Small-billed males are more at risk of being cheated on by their mates.
Males with larger bills than their avian neighbors, on the other hand, sire a greater percentage of young birds in their territory, says Brian Olsen, assistant professor in UMaine's School of Biology and Ecology and Climate Change Institute.
Thus, Olsen says, sexual selection may explain why males have larger bills than females along the Delaware coast.
“Conventionally, bird bills have been considered one of the premier examples of how diet shapes morphology: the right tool for the right job,” he says.
For the past 40 years, researchers have explained differences between the shapes of male and female bills by differences in diet. But Olsen and his colleagues say their research suggests that female mating preferences alone could do it. “It really makes me wonder how much of bill shape, or the shape of any other structure for that matter, is due to mating preferences instead of better survival,” he says.
Olsen and his fellow researchers also found that bill size increases with age. So, by selecting males with larger bills, females are picking a mate that has the right stuff to survive and successfully defend a territory over multiple years. “In other words,” says Olsen, “the genes of older males have been tested and proven worthy, and females who prefer to mate with the largest-billed males can then pass these good survivor genes on to their offspring.”
Since the difference in large and small bills is only a few millimeters, Olsen says he doesn't know how female swamp sparrows make the distinction. He suspects song may play a role, since male bill shape can greatly influence singing.

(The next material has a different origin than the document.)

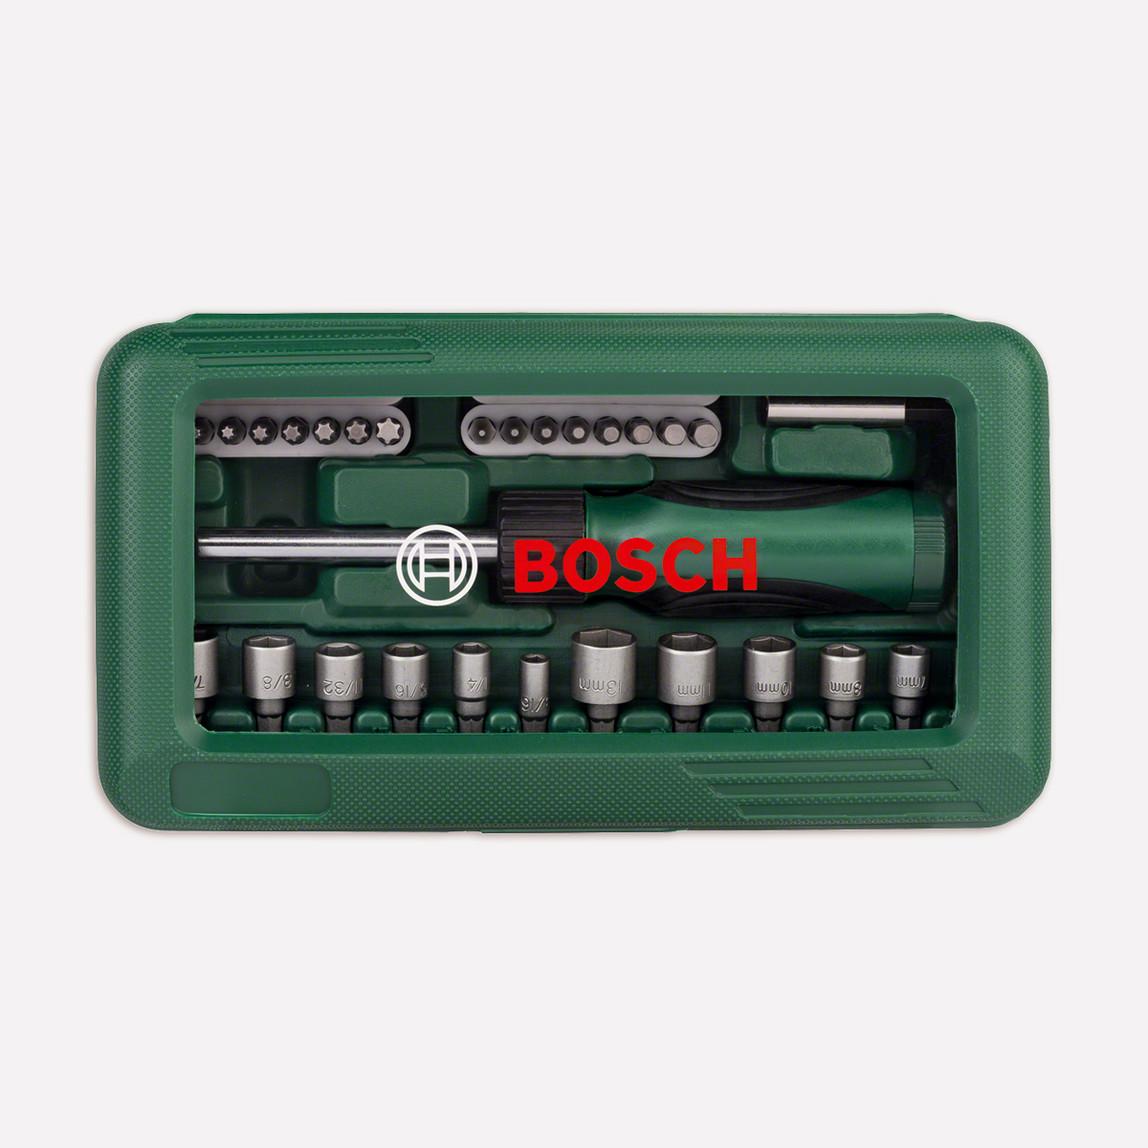 Bosch 46 Parça Cırcırlı Tornavida Seti

Russell Greenberg of the Smithsonian Migratory Bird Center at the National Zoological Park, Jeffrey Walters of Virginia Tech's Department of Biological Sciences and Robert Fleischer of the Center for Conservation and Evolutionary Genetics at the National Zoological Park also participated in the study.
The team's research article, “Sexual dimorphism in a feeding apparatus is driven by mate choice and not niche partitioning,” was published in the November 2013 issue of “Behavioral Ecology.”